Every line of the material must be given again verbatim. Skip the images.

- **PROVIDED MATERIAL**
______

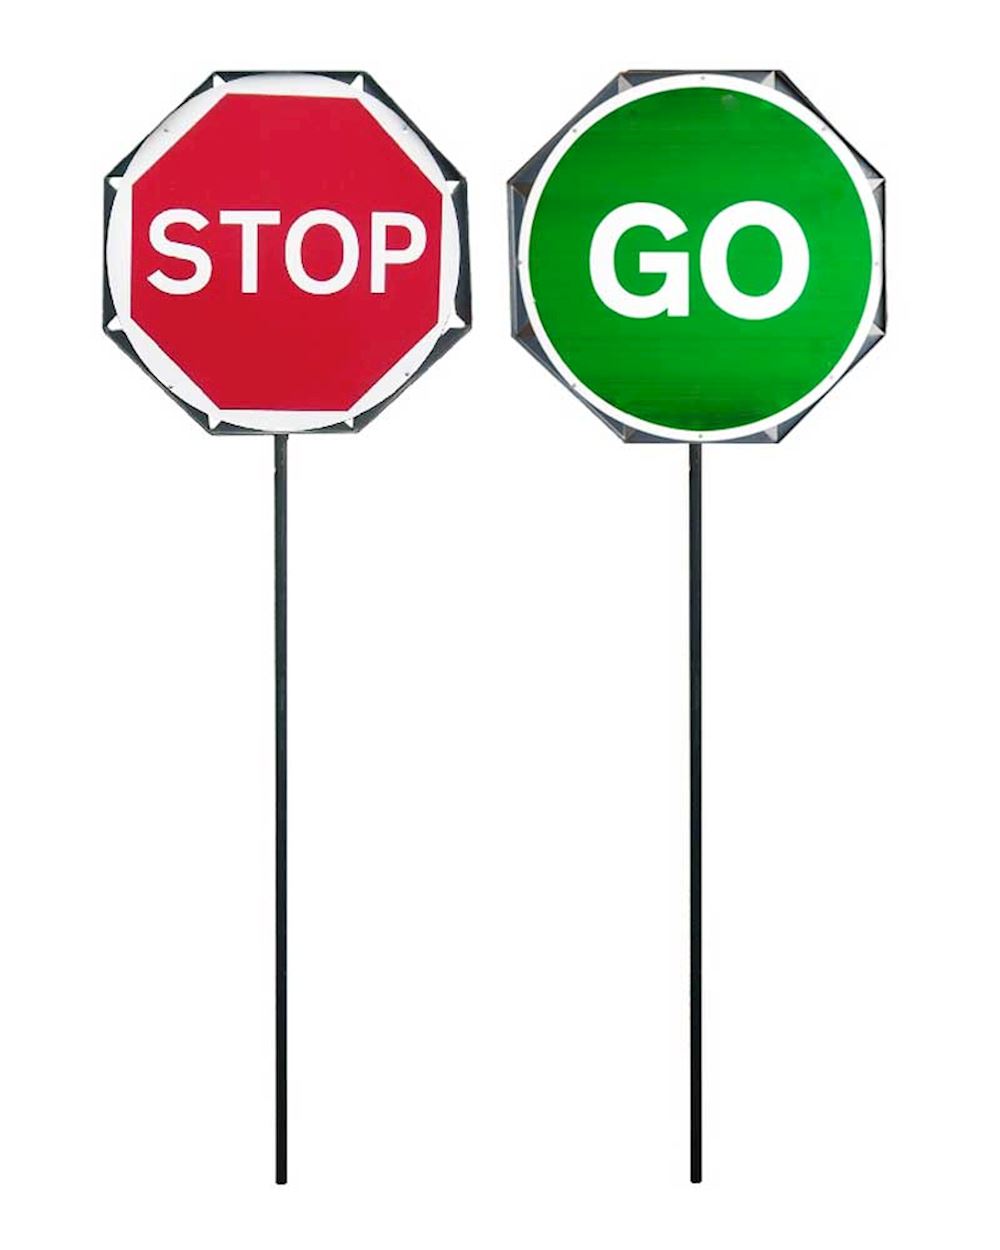 Stop & Go Sign
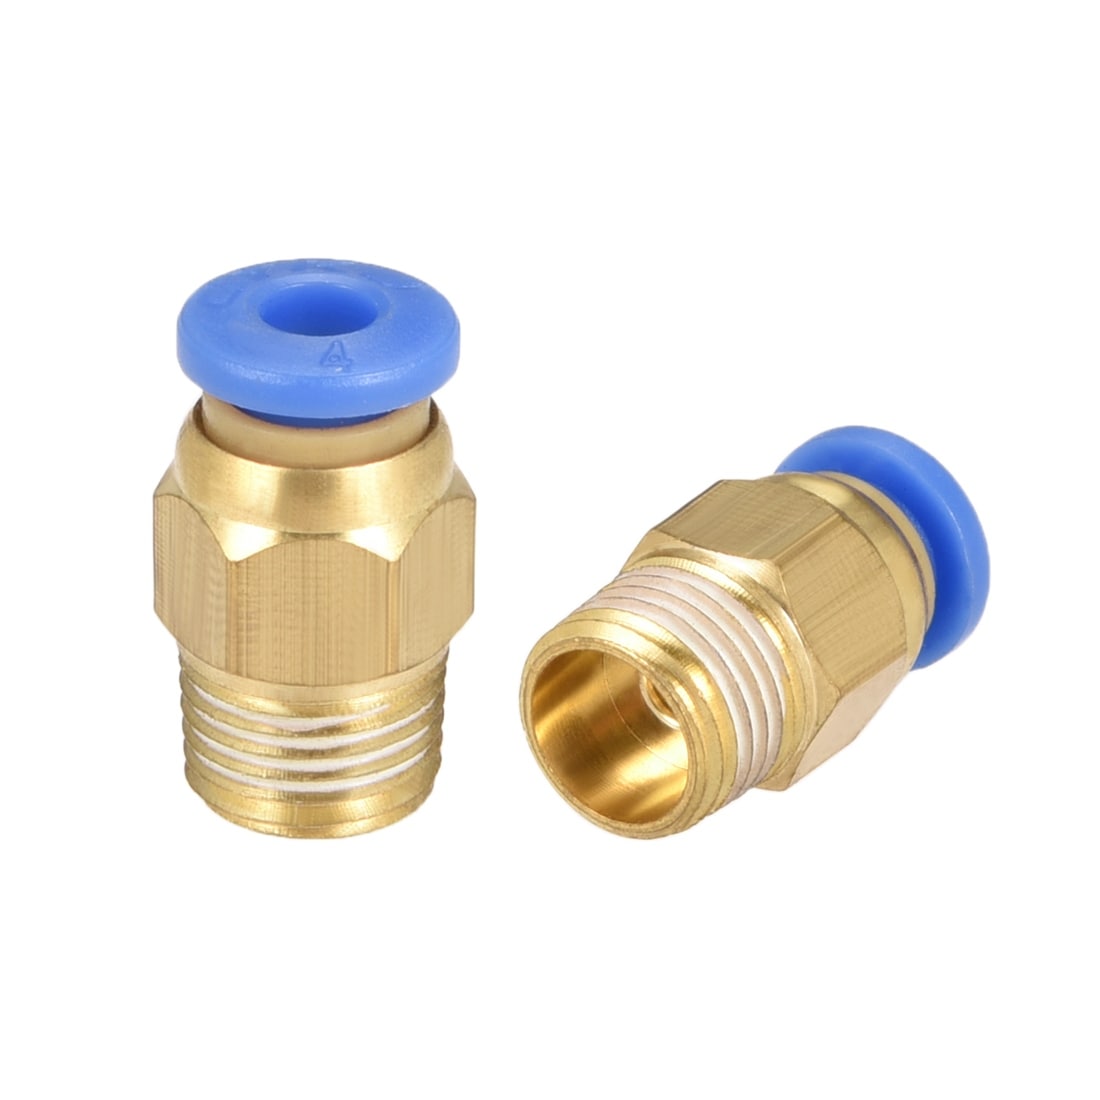 10 Pcs 1/4" PT Female Thread 4mm Push In Joint Pneumatic Quick Fittings 
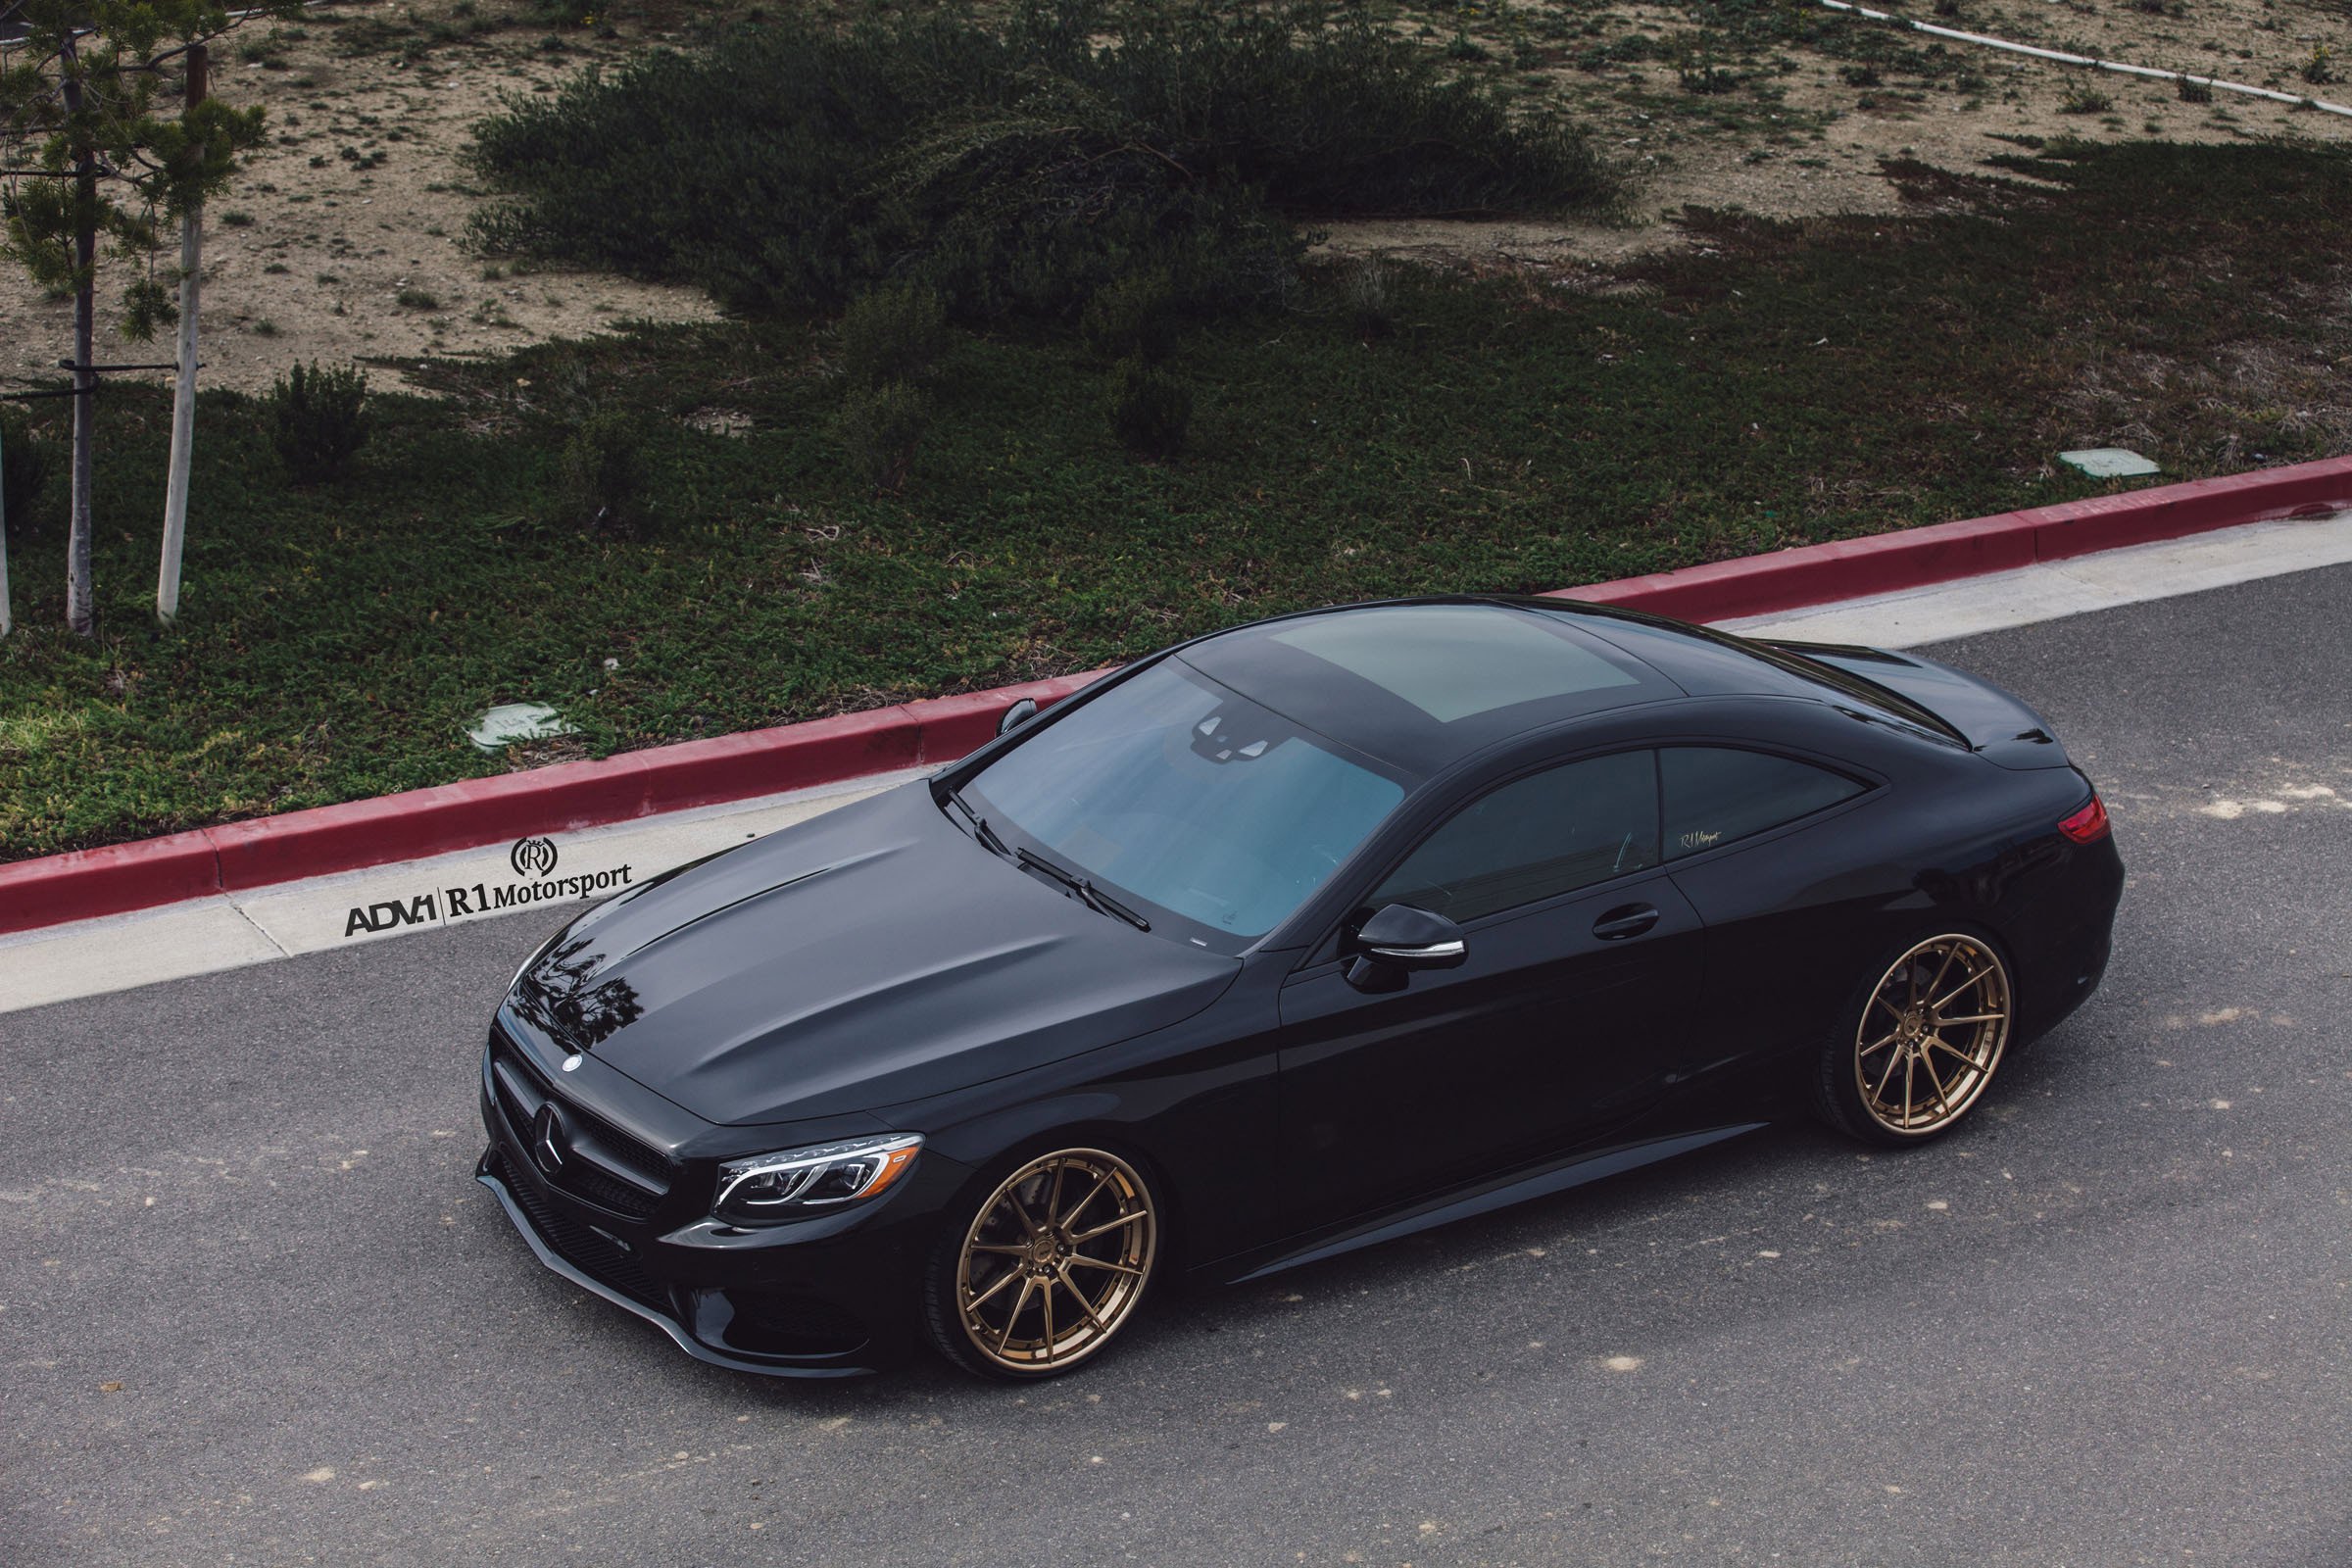 mercedes, S class, Coupe, Cars, Adv1, Wheels Wallpaper

______

- **RESPONSE AREA**
 Stop & Go Sign
 10 Pcs 1/4" PT Female Thread 4mm Push In Joint Pneumatic Quick Fittings 
 mercedes, S class, Coupe, Cars, Adv1, Wheels Wallpaper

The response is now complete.